Faux avis sur le net : un sujet pas si nouveau…

Actuellement le sujet des faux avis des consommateurs fait débat. Les actions se multiplient mais pourquoi seulement maintenant ?

Dès 2007, Michel Yves Labbé (Fondateur de Directours, agence haut de gamme sur mesure)  évoquait l’advertposting : la fabrication de faux témoignages clients pour alimenter les sites d’information et d’e-commerce. En quelques jours , ce terme inconnu du net et peu employé dans le tourisme devenait réalité. Travaillant à ses cotés, nous étions assez surpris de cet engouement et  surtout très  curieux et impatients  pour  la suite.  

Puis plus rien.

Enfin, début 2011, Frédéric Lefebvre, Secrétaire d’Etat à la consommation, entame une campagne pour  régulariser les déviances des avis de consommateurs  sur Internet : la DGCCRF est  sur le pont  avec une grande enquête mystère auprès des sites e-commerce (dont 3 sites de voyage, les noms sont restés secrets…) et parallèlement l’AFNOR (Association Française de Normalisation) travaille sur une normalisation des avis.

Mais que s’est il passé pendant plus de trois ans avec ces fameux faux avis de voyageurs sur le net ?

Deux phénomènes :

L’économie des sites d’avis est devenue florissante.

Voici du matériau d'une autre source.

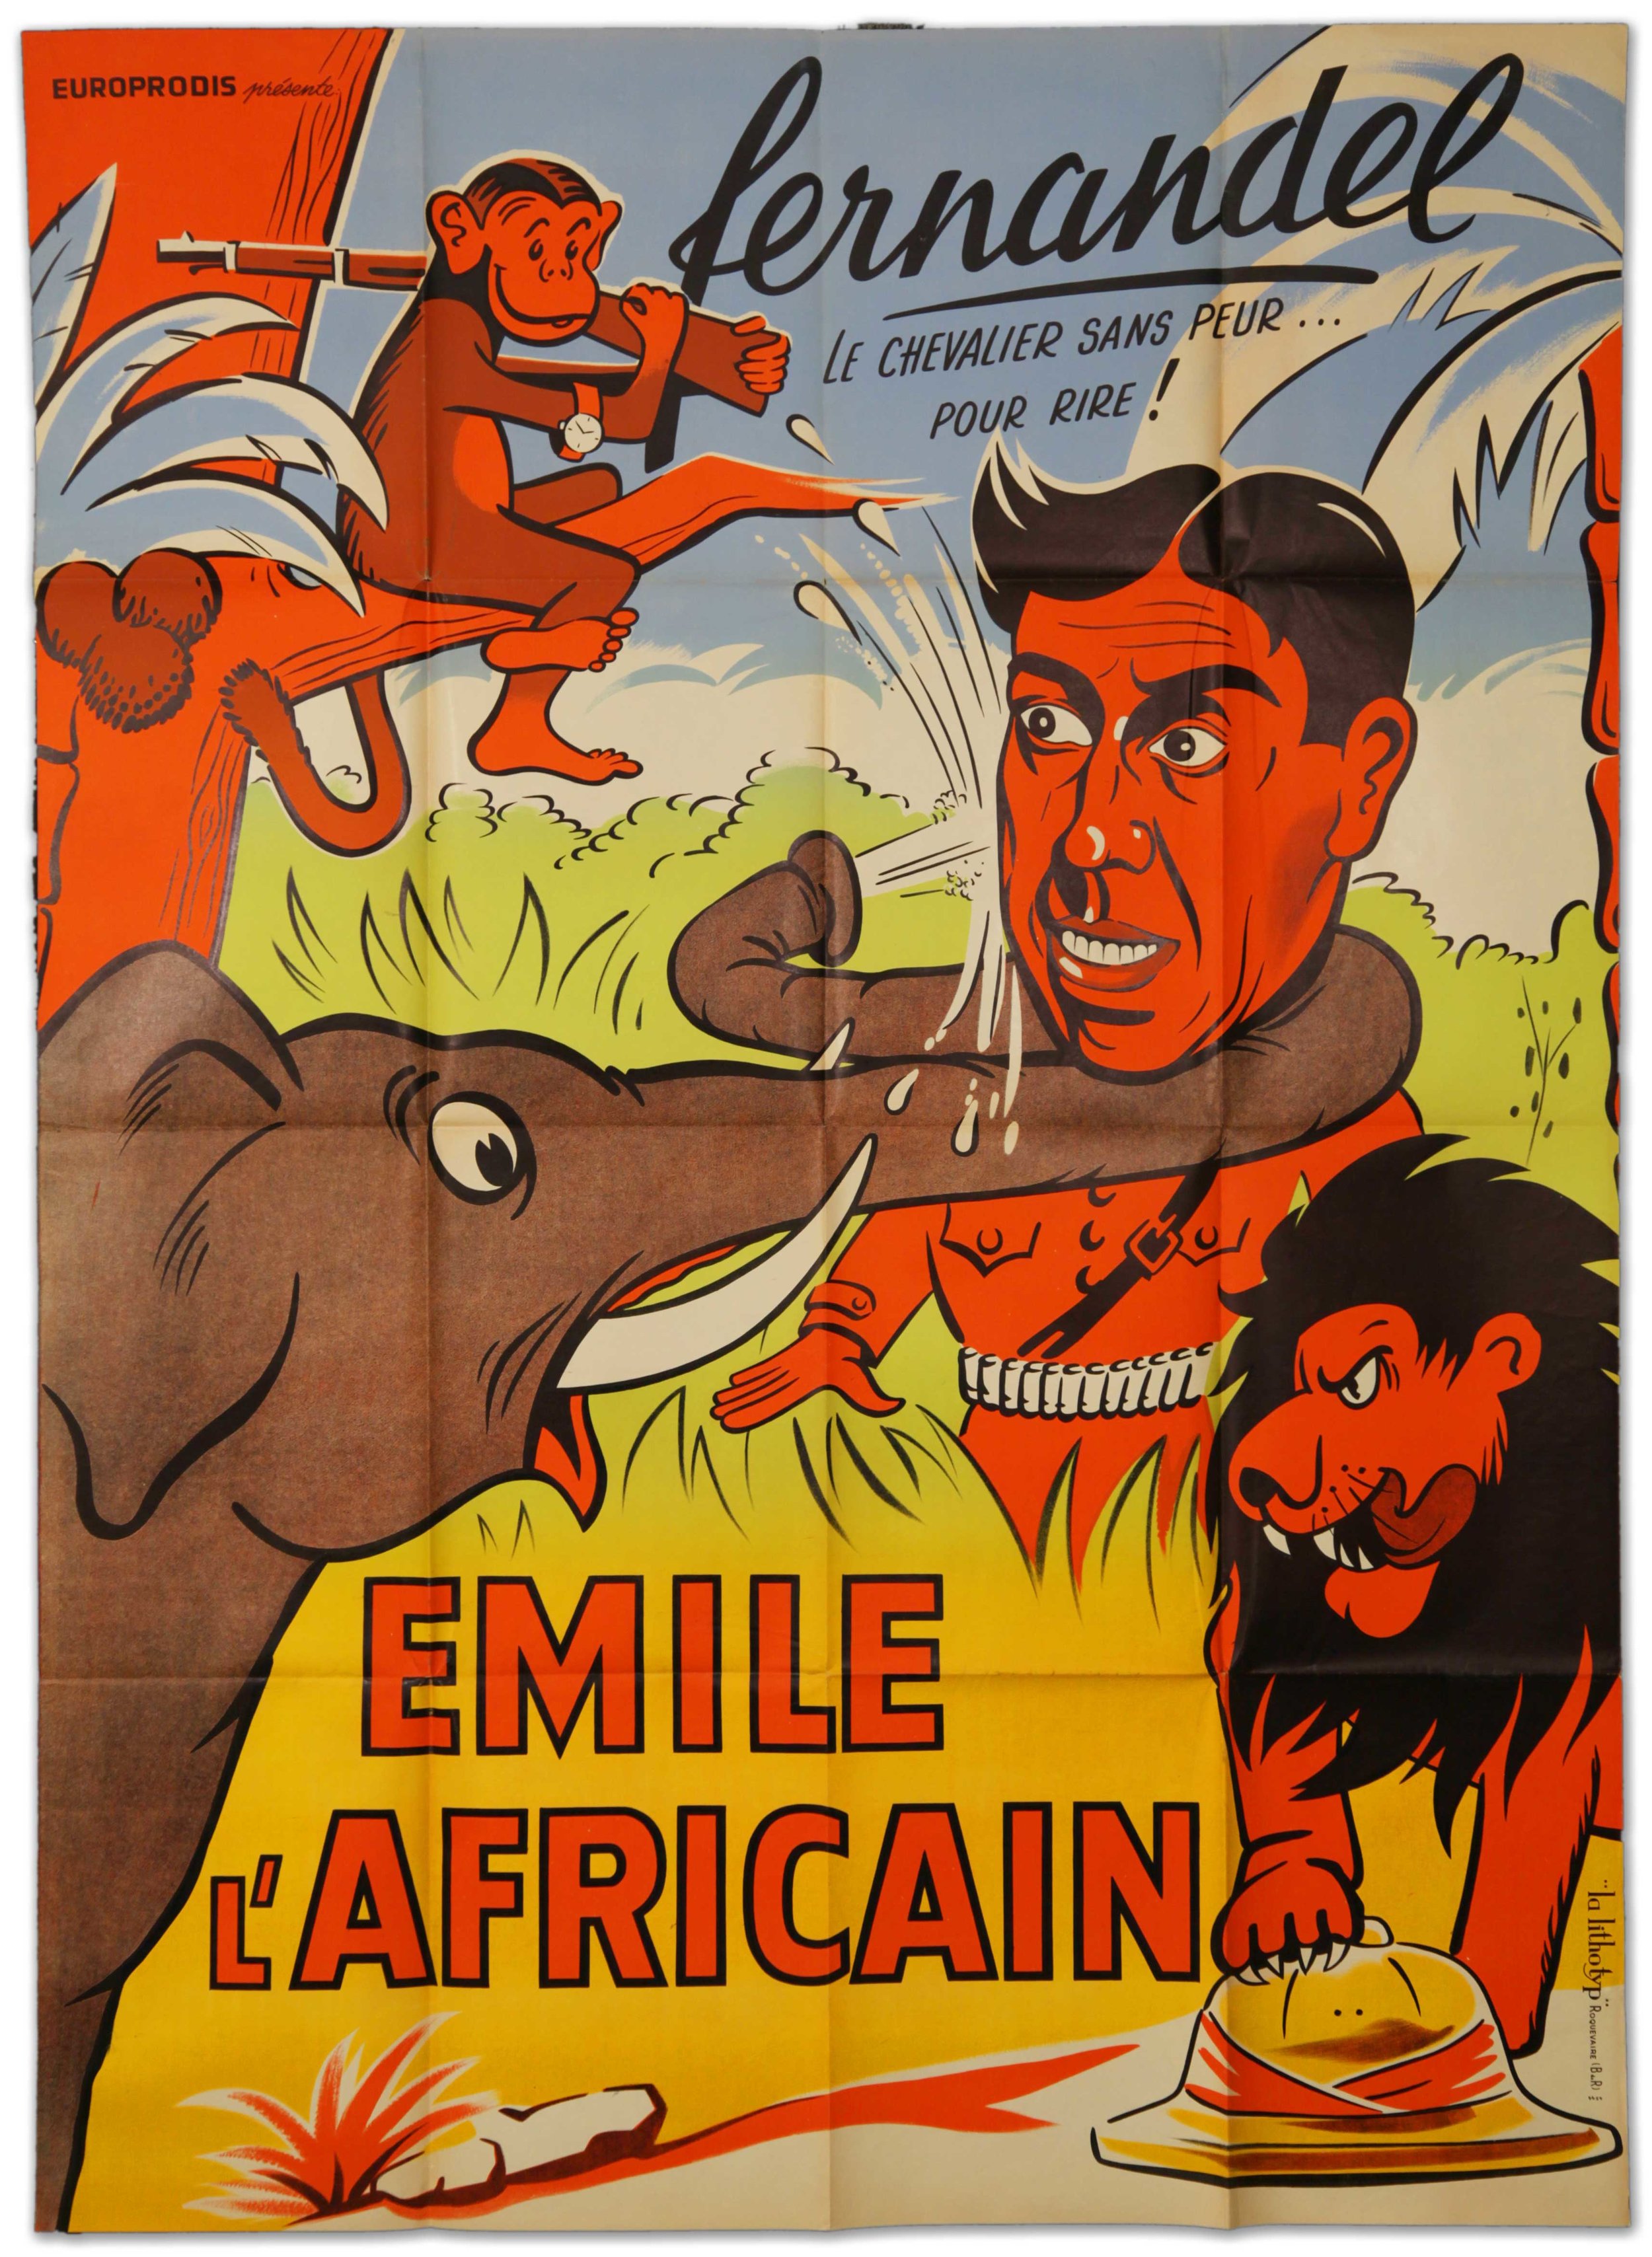 Fernadel in "Emile L'Africain" (1948)

Certains groupes réalisent plus de résultats avec leurs sites d’avis de voyage qu’avec leur site de ventes de voyages. Pensez donc : un site d’avis n’emmène pas de client en voyage, ne gère pas de stock ou de centre d’appel… les coûts sont donc moindres, même si le volume d’avis constitue une vraie barrière à l’entrée. Les sites d’avis sont les comparateurs d’hier, en plus rentable.
Le deuxième phénomène est que l’artisanat de la triche a laissé place à l’industrie : des sociétés de  e-réputation, des pratiques douteuses, dont celles mises en évidence par les Inrockuptibles, ont fait leur apparition. Aujourd’hui, un faux avis de voyageur s’évalue en euros, comme un fan Facebook. Les astuces utilisées sont facilement décelables par les professionnels (nous en avions montré quelques unes) mais pas forcément identifiables par les consommateurs.

Comment contrer cette déferlante de faux avis,  trompant le consommateur et pénalisant ceux qui jouent la transparence et affichent des avis ?

Chacun y va de son appellation (avis recommandés, avis vérifiés, contributeur devant mettre sa photo…) mais le fond du problème reste la confiance. Nous avons déterminé que les clefs de cette confiance, tant pour les consommateurs que pour les hôteliers et les distributeurs, repose sur 2 piliers:

* que l’avis émane d’une personne qui a réellement séjourné dans l’établissement (no stay, no say),
* que le diffuseur de l’avis n’a pas filtré les avis et gardé uniquement les meilleurs pour mettre en avant son offre commerciale.

Depuis 2006, par exemple, nous disons chez Vinivi , que seul un tiers de confiance peut réaliser ce travail, un tiers qui a tout intérêt à être crédible, tant aux yeux des consommateurs qu’aux yeux des distributeurs et des hôteliers.
En son temps et sur un autre domaine, eBay a réussi à mettre en place un système basé sur la confiance. C’est le modèle dont nous nous inspirons.

Pourquoi un tel engouement des avis clients sur les sites e-commerce ?

Les avis rassurent l’acheteur potentiel et le guident dans son acte d’achat (avis de qualité = internaute fidélisé). Ils permettent également aux sites d’ajouter un contenu riche et actualisé, mais surtout d’accroître le taux de conversion. Le voyagiste Voyage Loisirs, qui a mis en place sur son site des avis certifiés, a augmenté son taux de conversion de 30%.
La normalisation AFNOR donnera des pistes dans la mise en place des avis de consommateurs. Une position intéressante à défendre est celle d’un tiers de confiance pour gérer les commentaires clients des sociétés commerciales.